What's needed is an exact copy of all the data below, without pictures.

Data shown:
━━━━━━━━━━

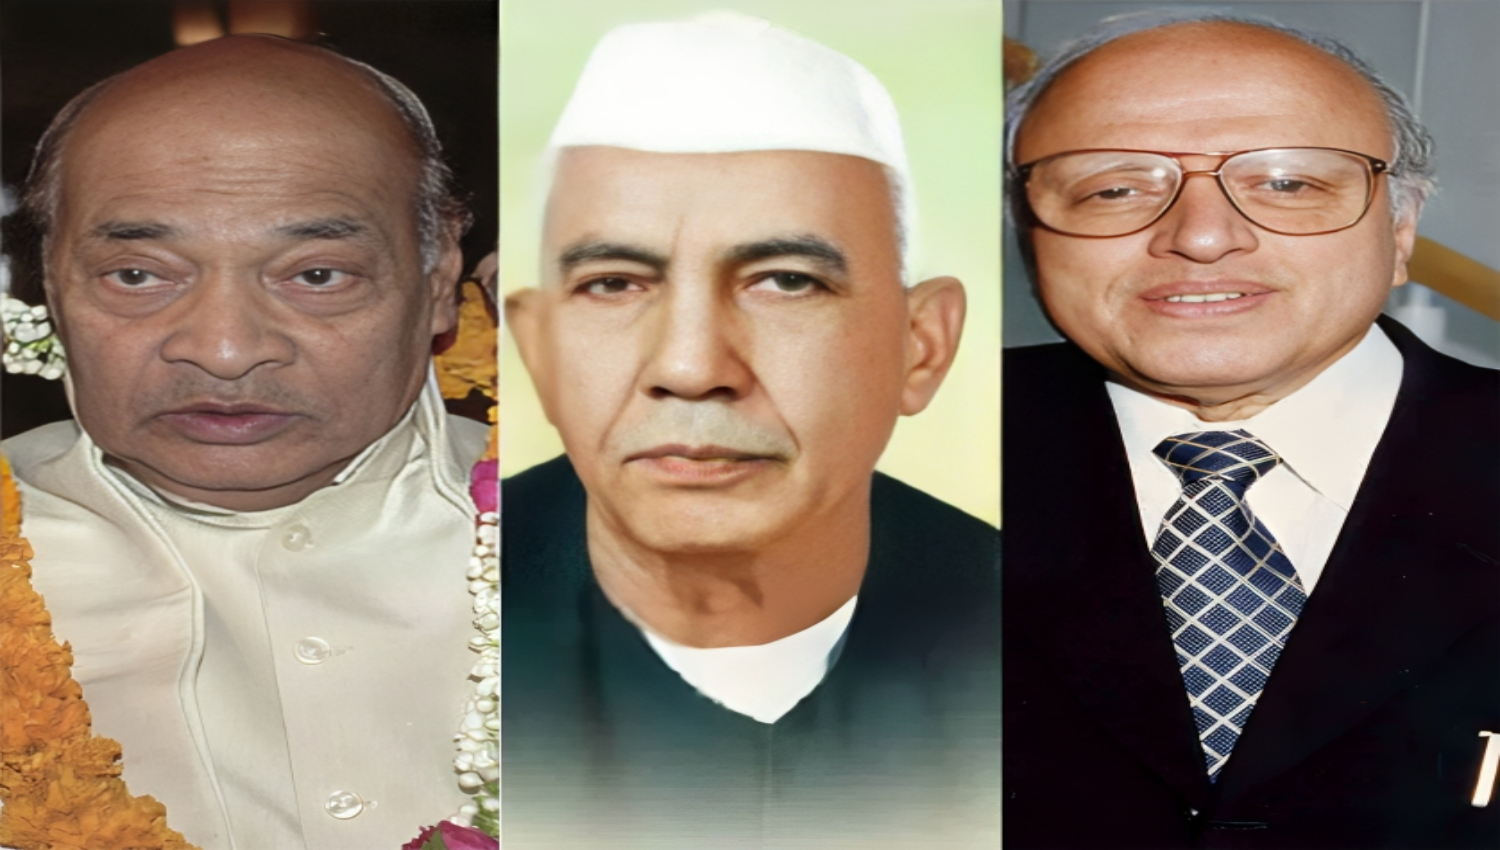 “PM Modi Unveils Prestigious Bharat Ratna Honors for Visionary Leaders: PV Narasimha Rao, Chaudhary Charan Singh, and Scientist MS Swaminathan”
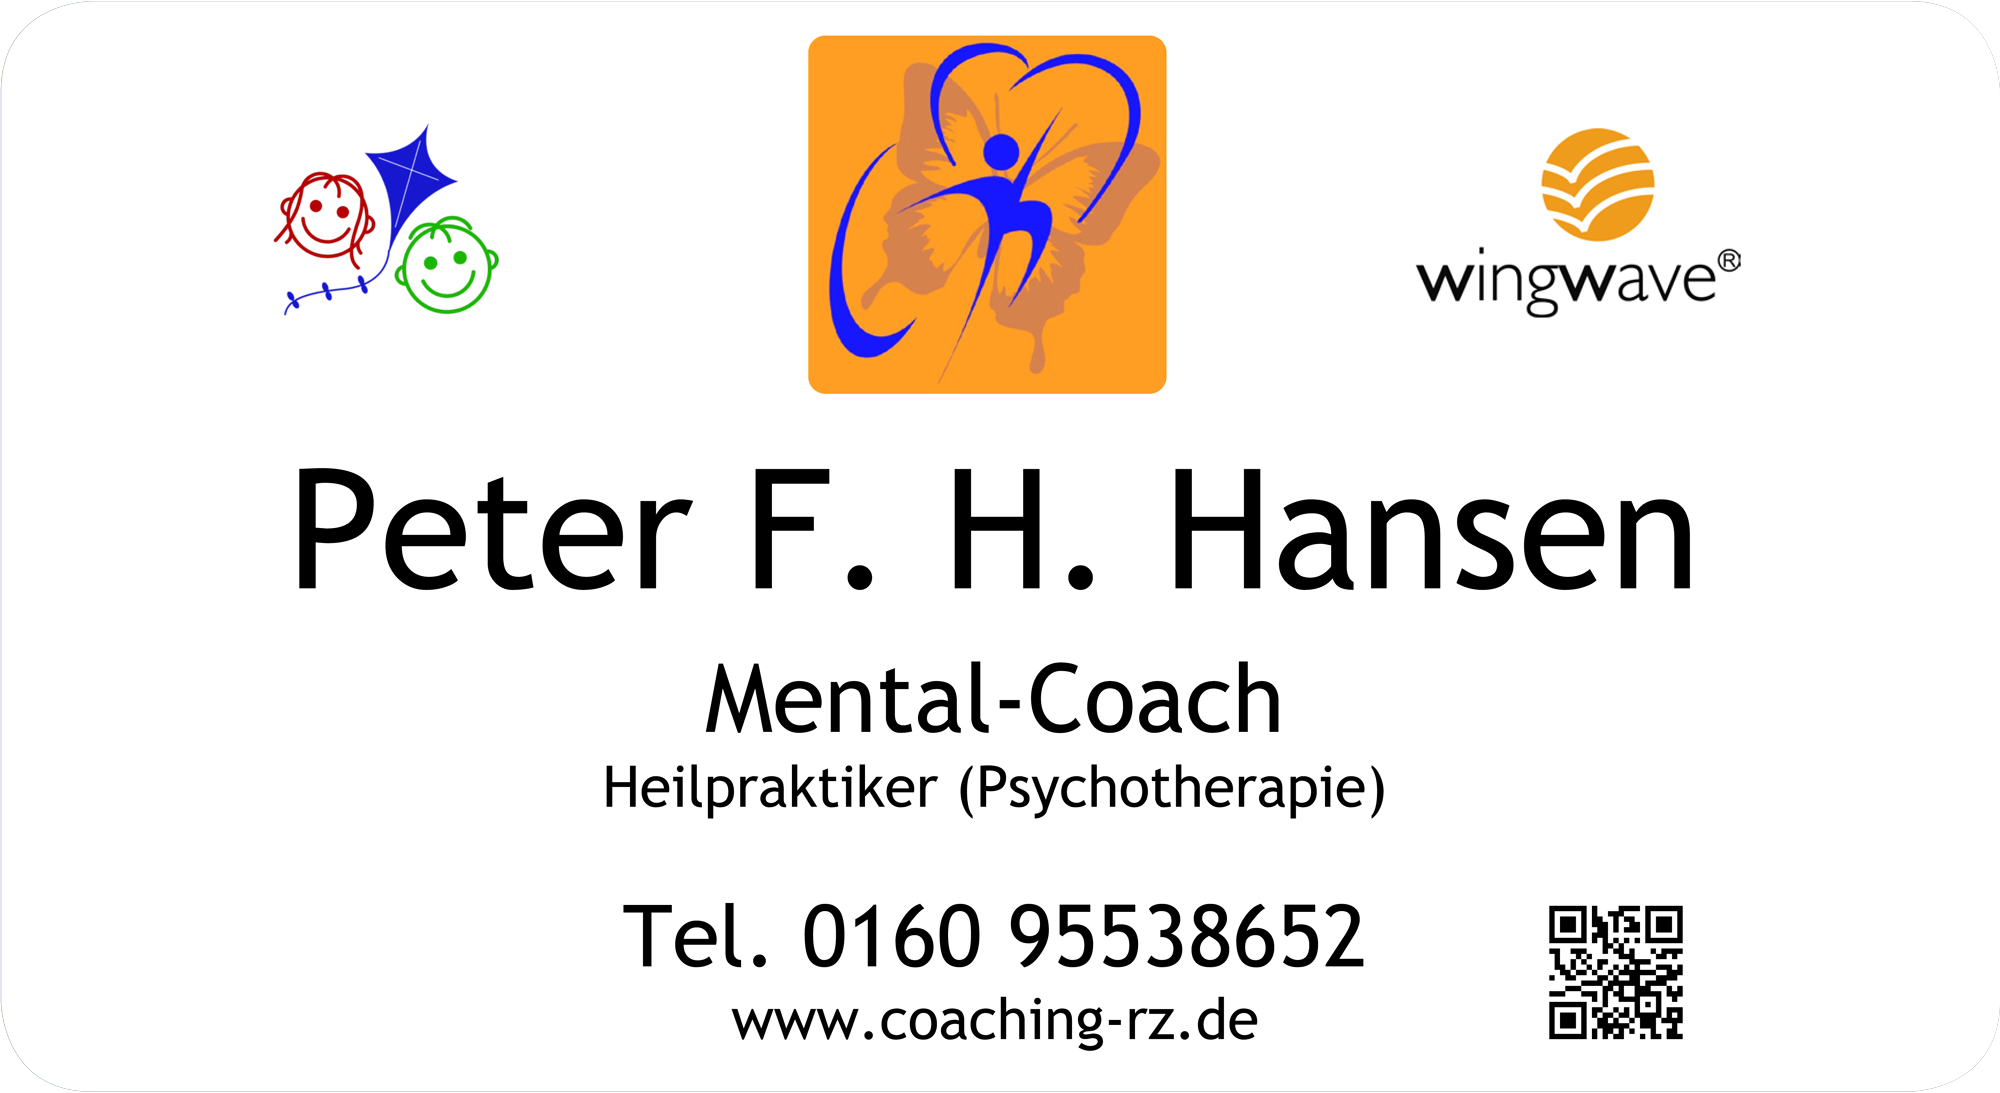 Peter F. H. Hansen - Mental-Coach - Heilpraktiker (Psychotherapie)
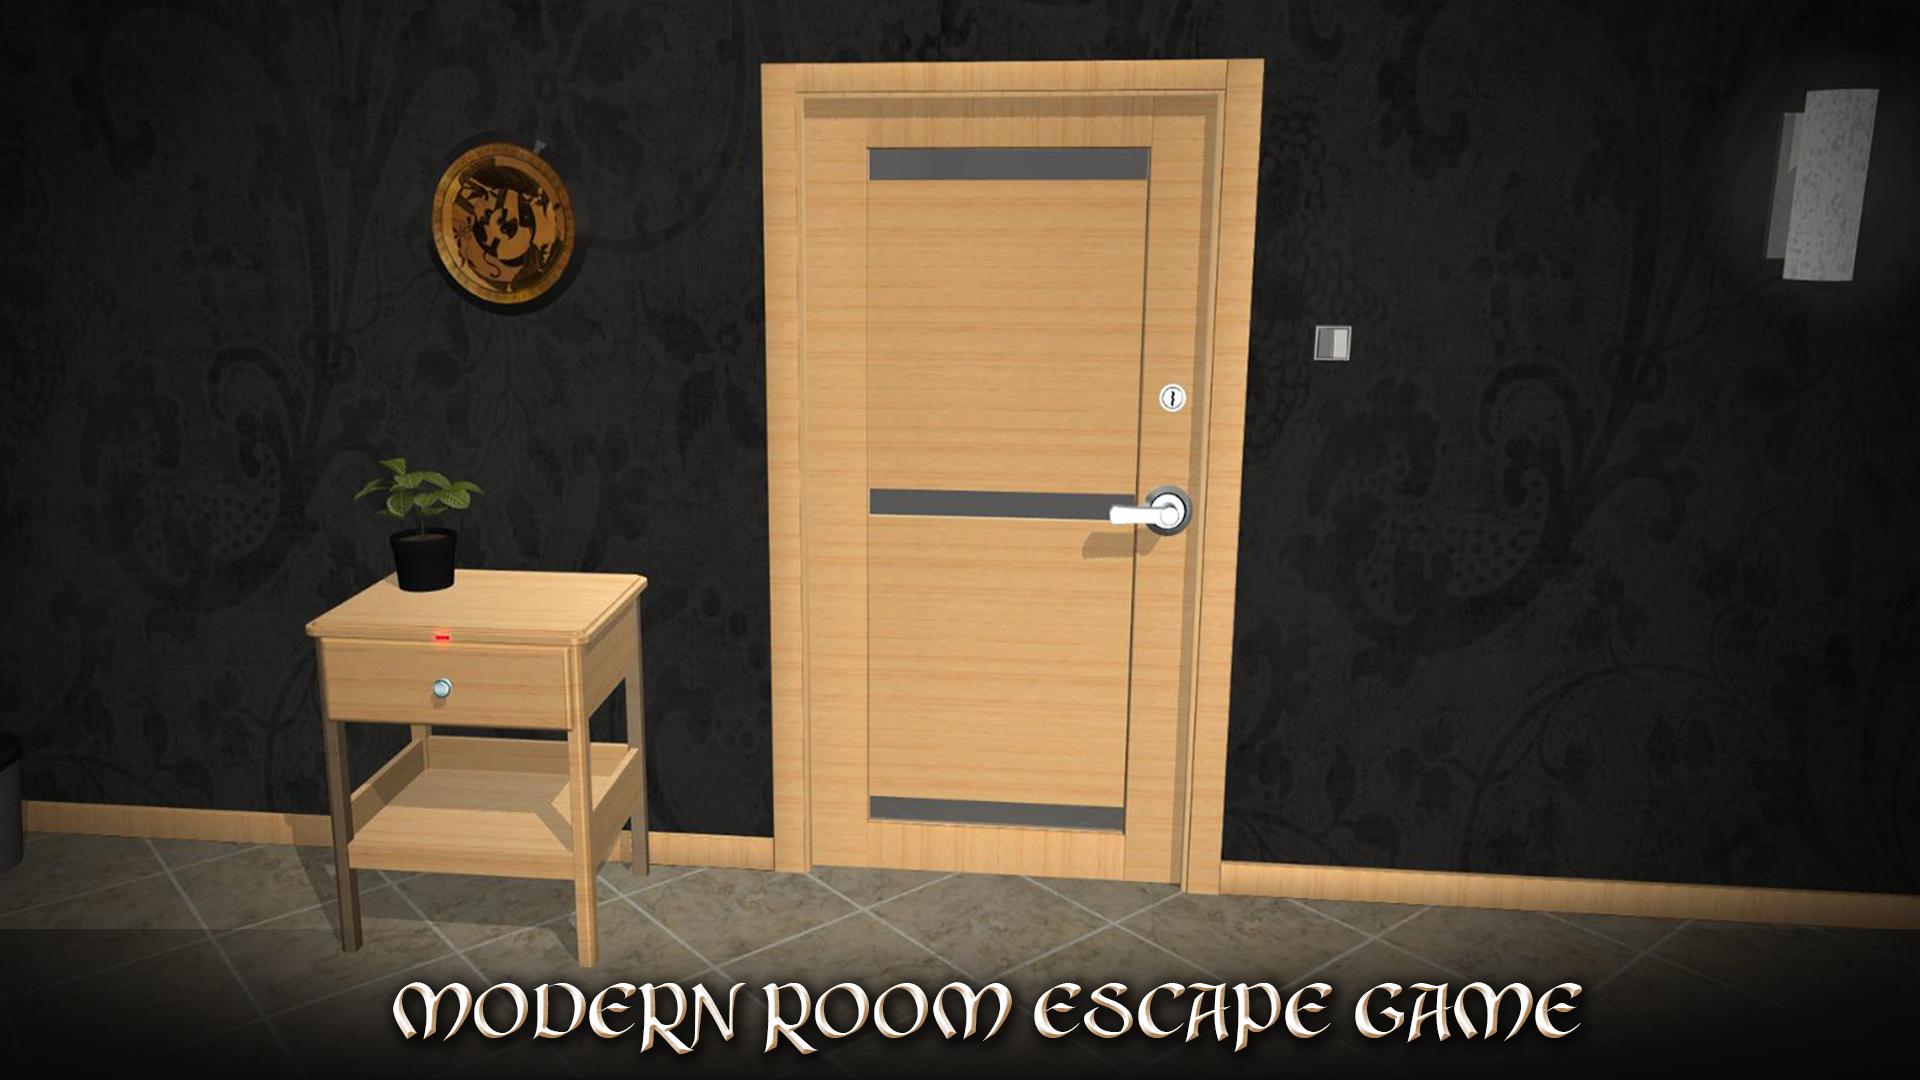 Игры 10 комнат. Комнаты испытание побегом. Узел в игре Room Escape. Игра Escape Rooms на Android. 50 Tiny Room Escape 10.

━━━━━━━━━━

Response area:
 “PM Modi Unveils Prestigious Bharat Ratna Honors for Visionary Leaders: PV Narasimha Rao, Chaudhary Charan Singh, and Scientist MS Swaminathan”
 Peter F. H. Hansen - Mental-Coach - Heilpraktiker (Psychotherapie)
 Игры 10 комнат. Комнаты испытание побегом. Узел в игре Room Escape. Игра Escape Rooms на Android. 50 Tiny Room Escape 10.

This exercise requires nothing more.